Komarodin

Personal information
- Full name: Komarodin
- Date of birth: 19 July 1995 (age 30)
- Place of birth: Kendal, Indonesia
- Height: 1.67 m (5 ft 6 in)
- Position: Winger

Youth career
- 2014–2015: SSA Salatiga
- 2015: Lipio Unnes

Senior career*
- Years: Team / Apps / (Gls)
- 2015: Persik Kendal / 13 / (0)
- 2016–2017: Gresik United / 27 / (3)
- 2018–2022: PSIS Semarang / 79 / (3)
- 2022: PSS Sleman / 7 / (0)
- 2023–2024: Persikabo 1973 / 24 / (1)
- 2023–2024: → Persekat Tegal (loan) / 7 / (1)
- 2025: Persipal Palu / 2 / (0)
- 2025: Persipa Pati / 4 / (1)

= Komarodin =

Indonesian footballer

Komarodin (born 19 July 1995) is an Indonesian professional footballer who plays as a winger.

== Club career==
=== Gresik United ===
Komarodin signed with Gresik United in 2016. He scored his first Liga 1 goal in a 2–1 victory against Persiba Balikpapan.

=== PSIS Semarang ===
Komarodin move to PSIS Semarang in December 2017. He made his debut on 25 March 2018 against PSM Makassar.
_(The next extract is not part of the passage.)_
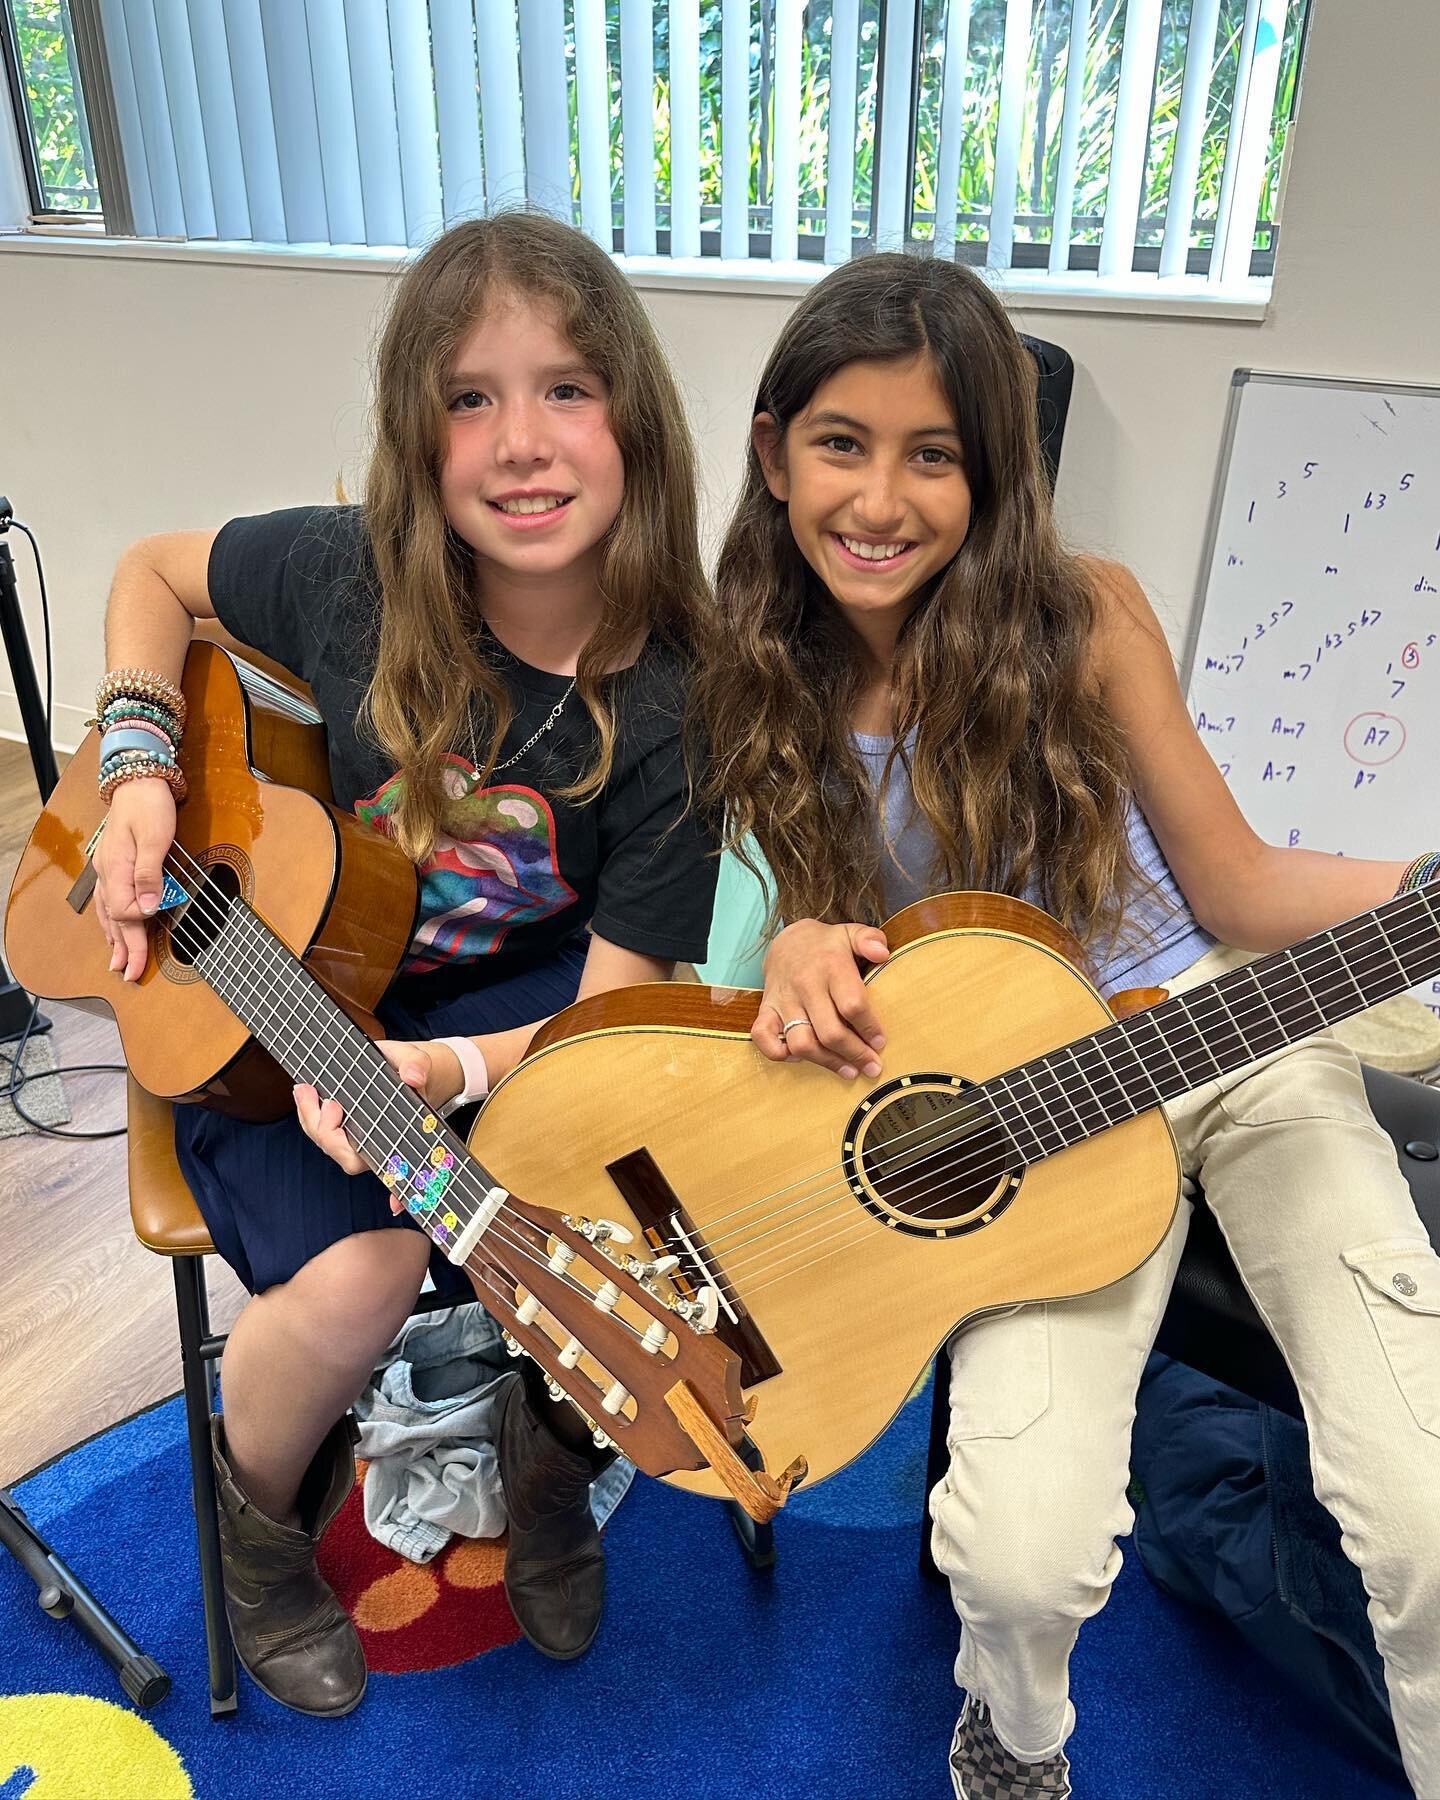 Music is even better with friends! 👯&zwj;♀️🎶 #friendshipgoals #kidsrock #womanownedbusiness

On 22 July, Komarodin scored his first goal for PSIS against Persebaya Surabaya.

Komarodin scored his first goal of the 2019 season on 22 November 2019, in an 2–1 win game against TIRA-Persikabo. He scored against Arema on 8 December.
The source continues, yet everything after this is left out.